## MATERIAL FOR THIS TASK
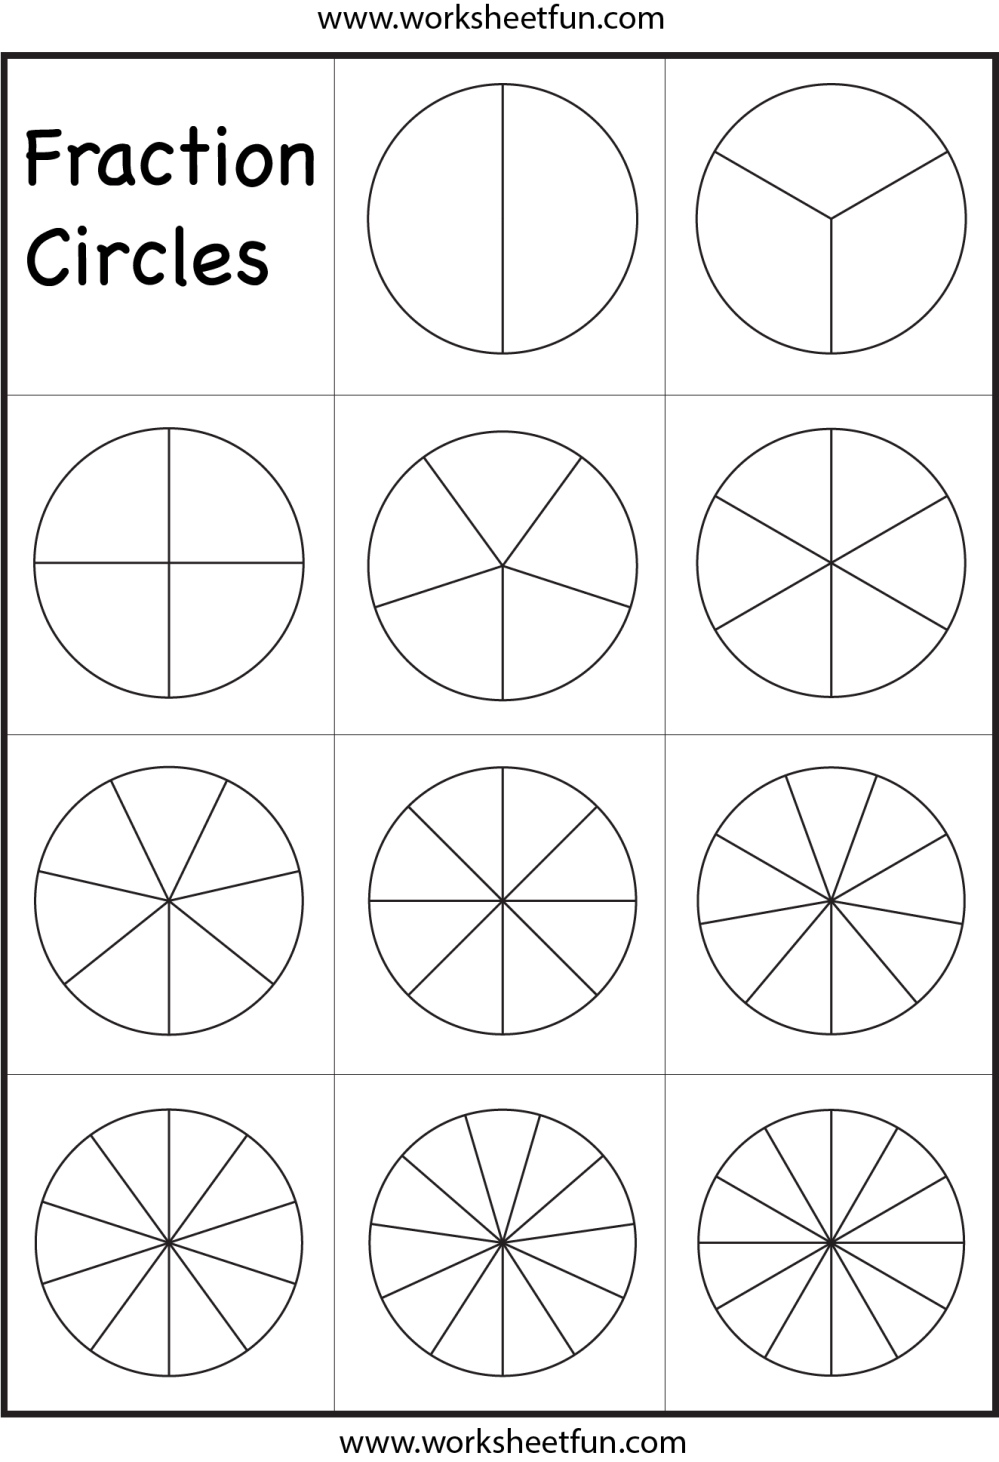 medium resolution of Fraction Circles Template – Printable Fraction Circles – 1 Worksheet / FREE  Printable Worksheets – Worksheetfun
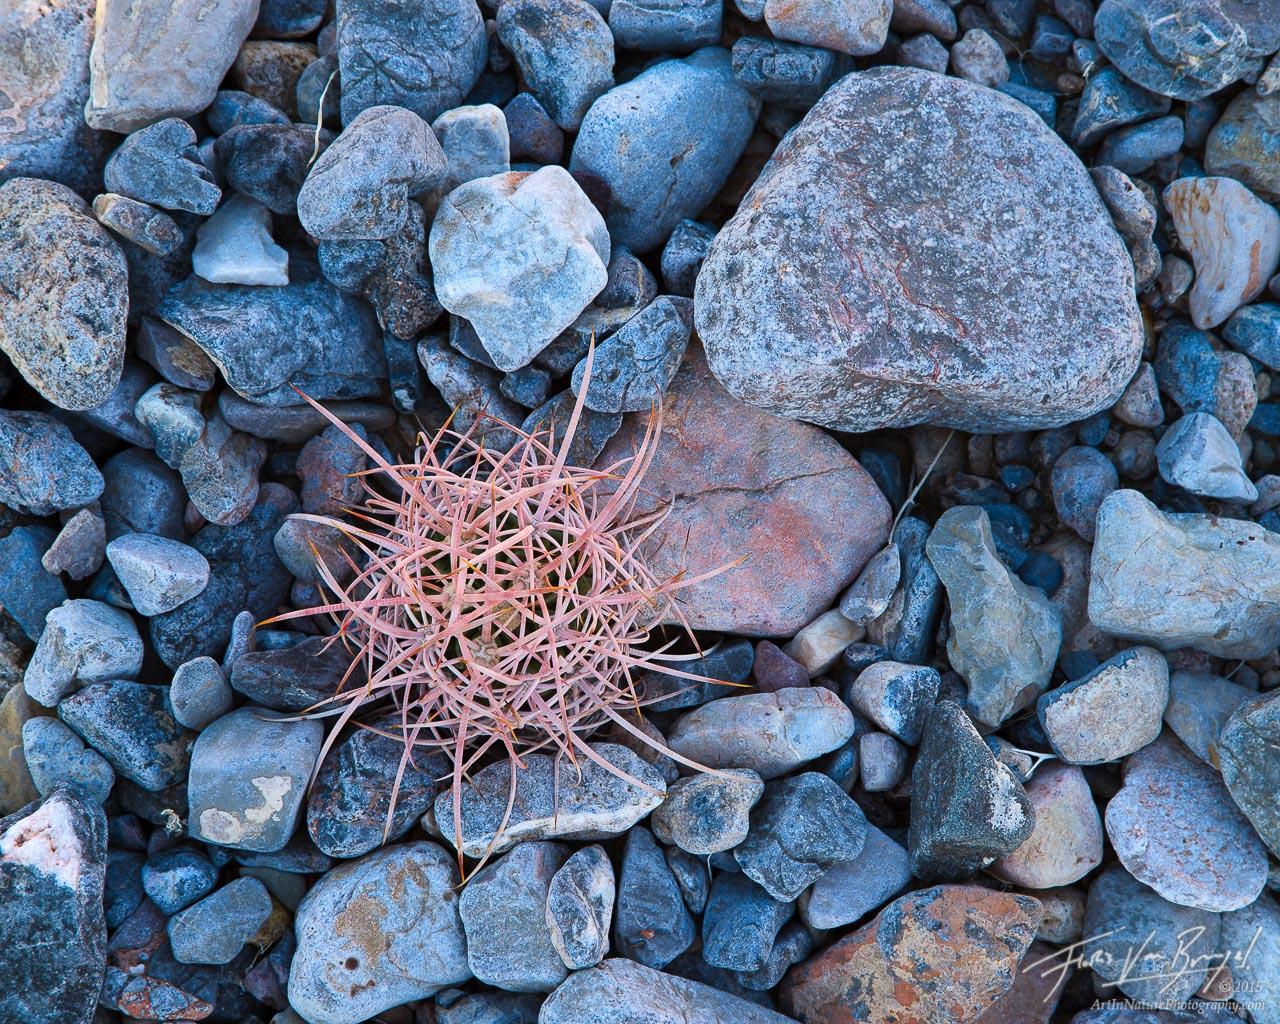 Barrel Cactus, Death Valley National Park, California , photo
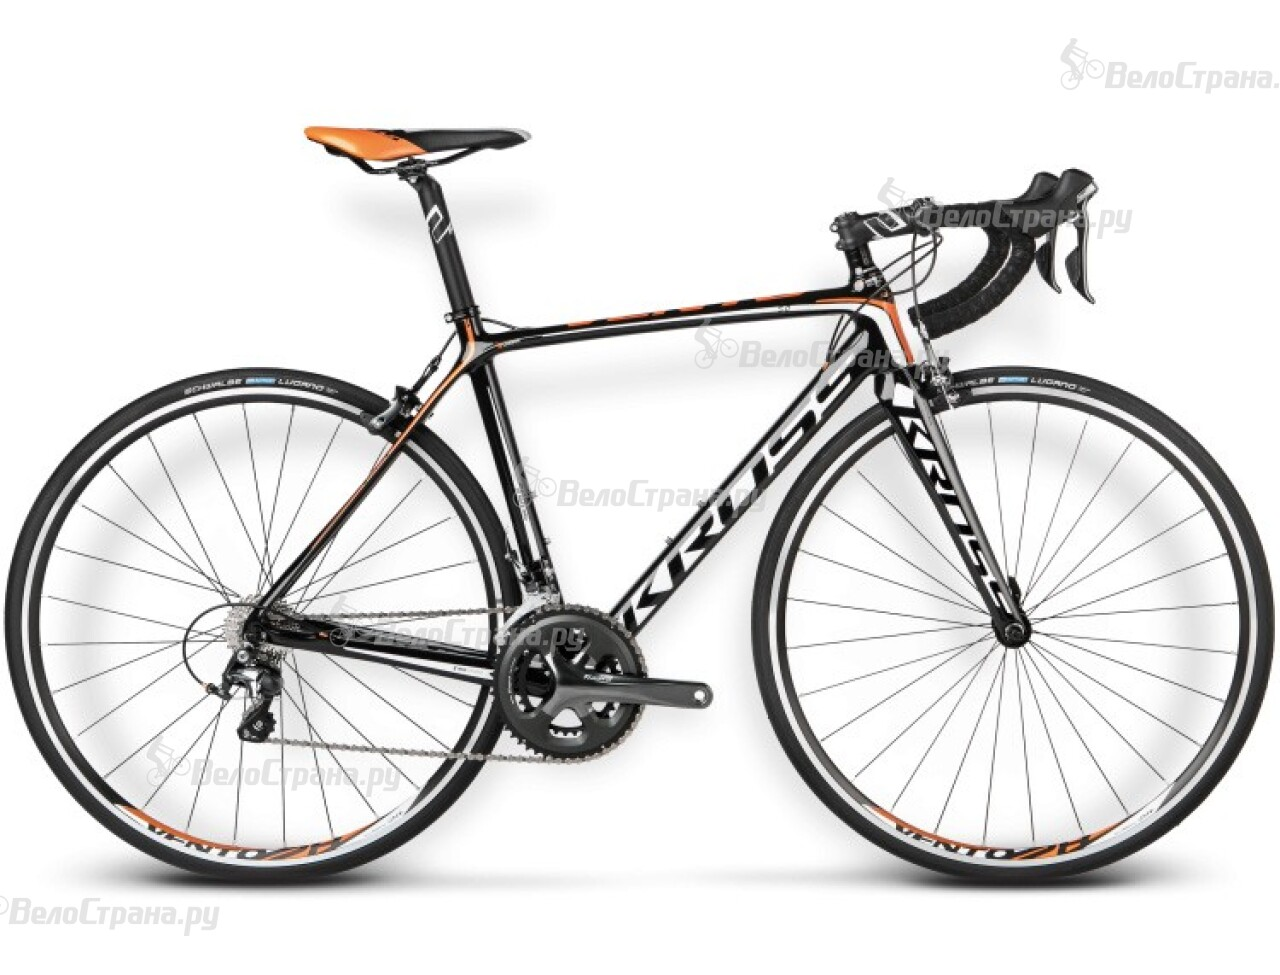 Велосипед Kross Vento 5.0 (2016) велосипед kross lea f4 2016
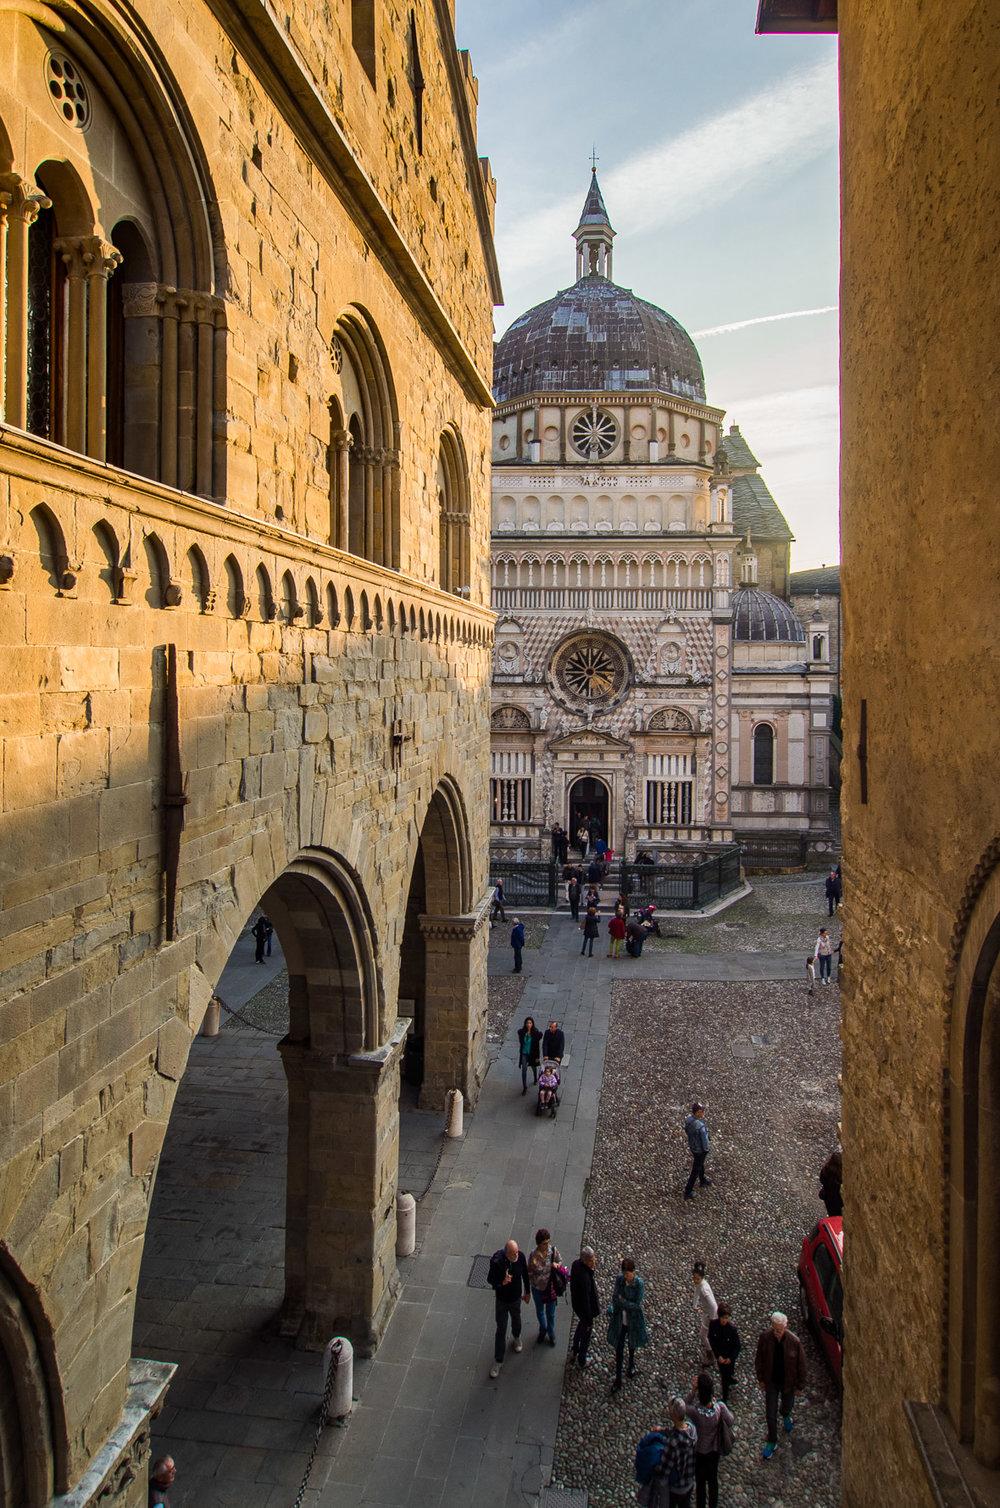 Palazzo Ragione met uitzicht op de Basilica di Santa Maria Maggi
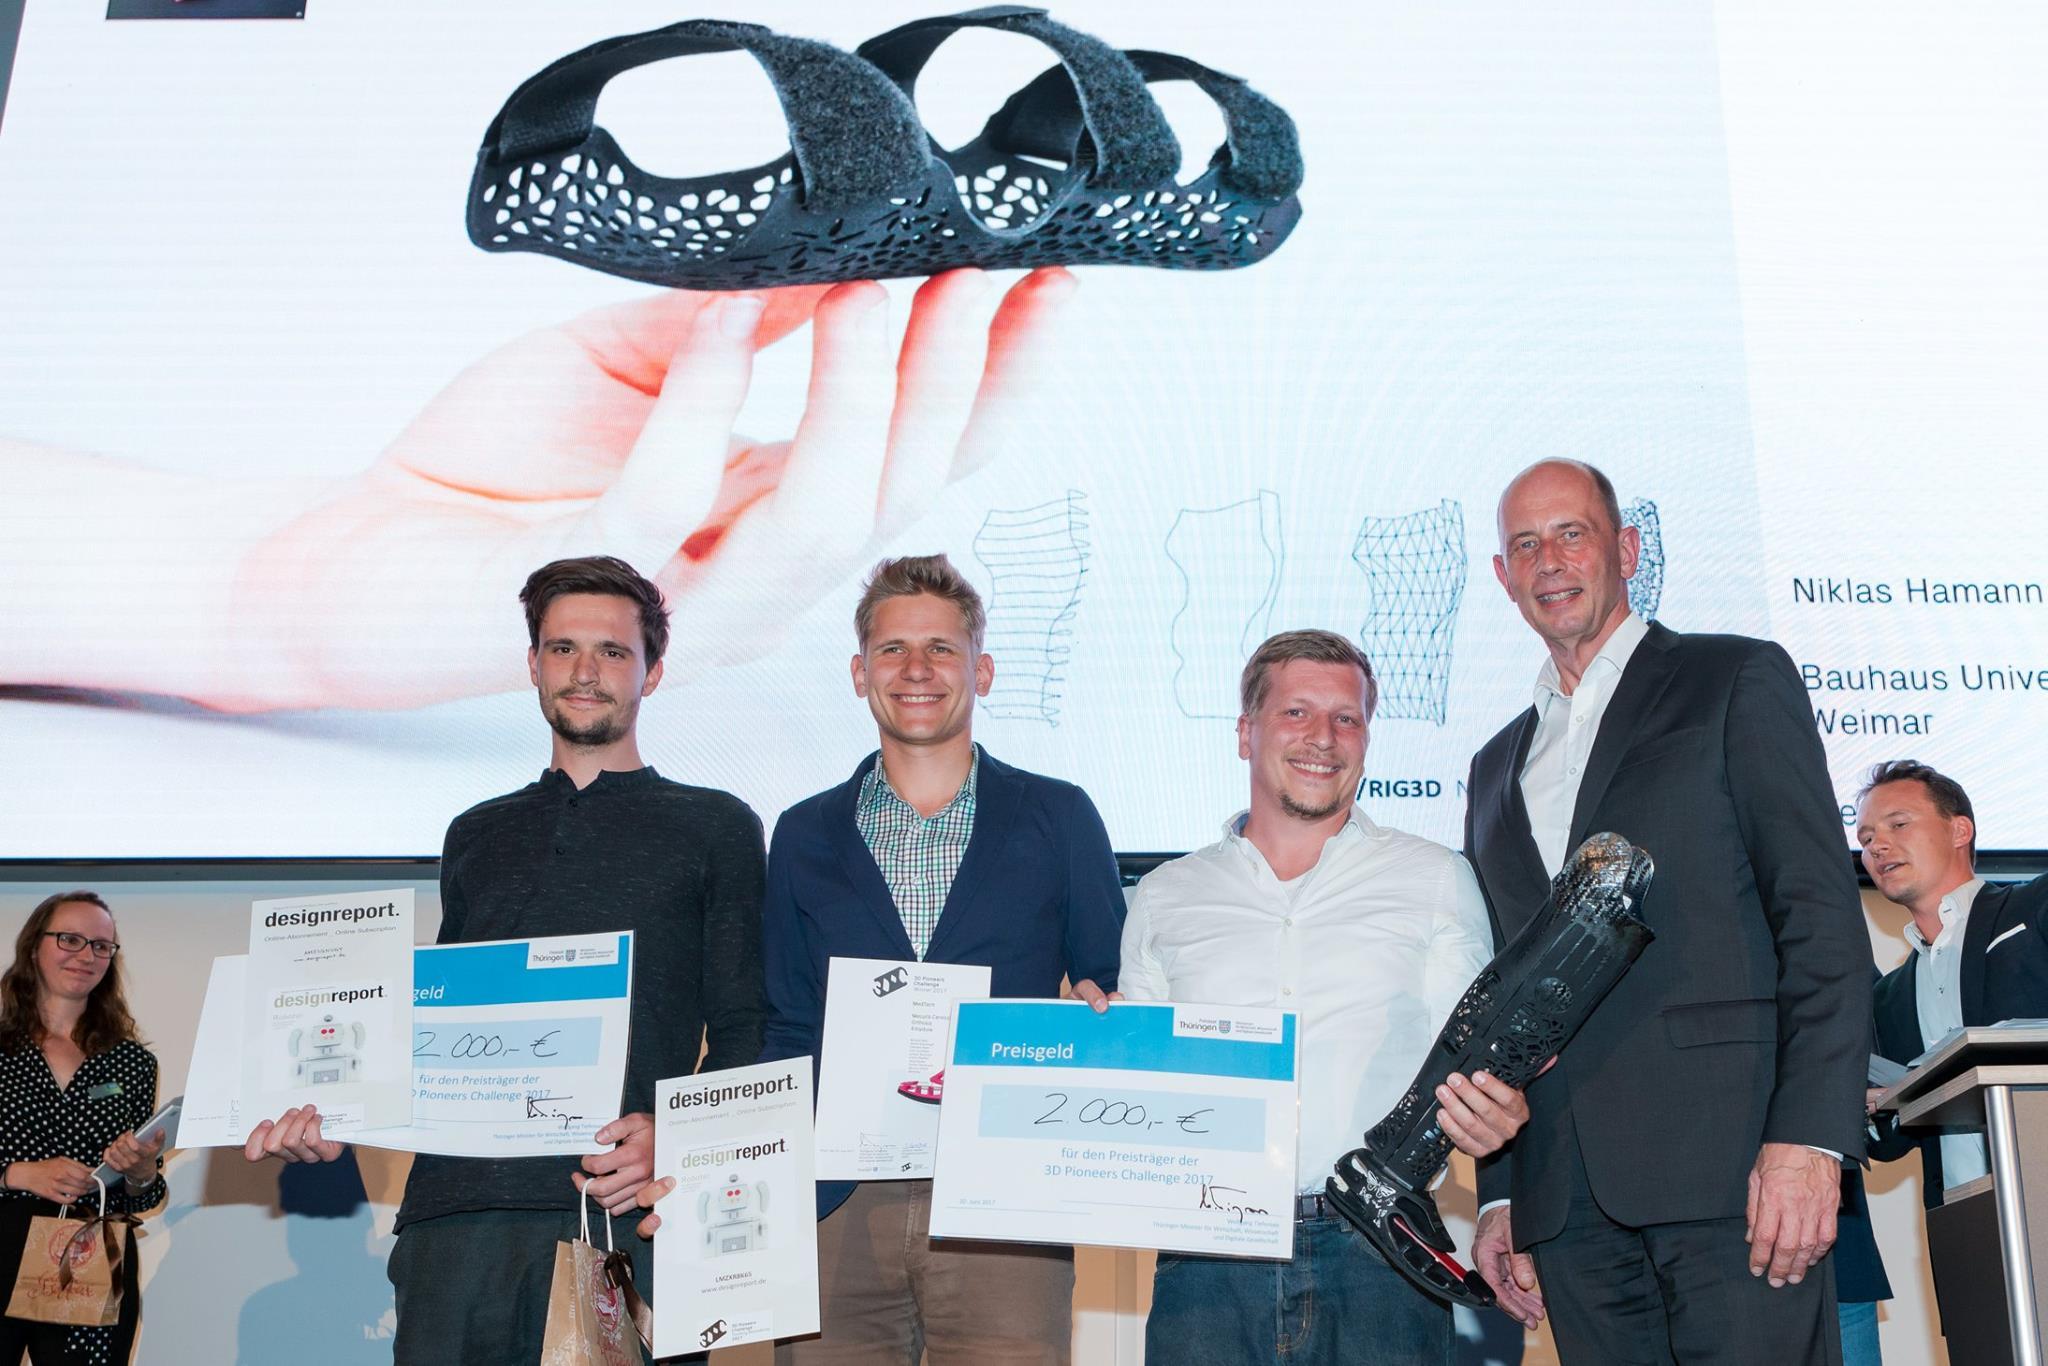 Winners of the MedTech category Mecuris and Niklas Haman. Photo via 3DPC.

## WHAT IS REQUIRED
The records above should be reproduced exactly, with the pictures omitted.

## WRITTEN RESPONSE
 medium resolution of Fraction Circles Template – Printable Fraction Circles – 1 Worksheet / FREE  Printable Worksheets – Worksheetfun
 Barrel Cactus, Death Valley National Park, California , photo
 Велосипед Kross Vento 5.0 (2016) велосипед kross lea f4 2016
 Palazzo Ragione met uitzicht op de Basilica di Santa Maria Maggi
 Winners of the MedTech category Mecuris and Niklas Haman. Photo via 3DPC.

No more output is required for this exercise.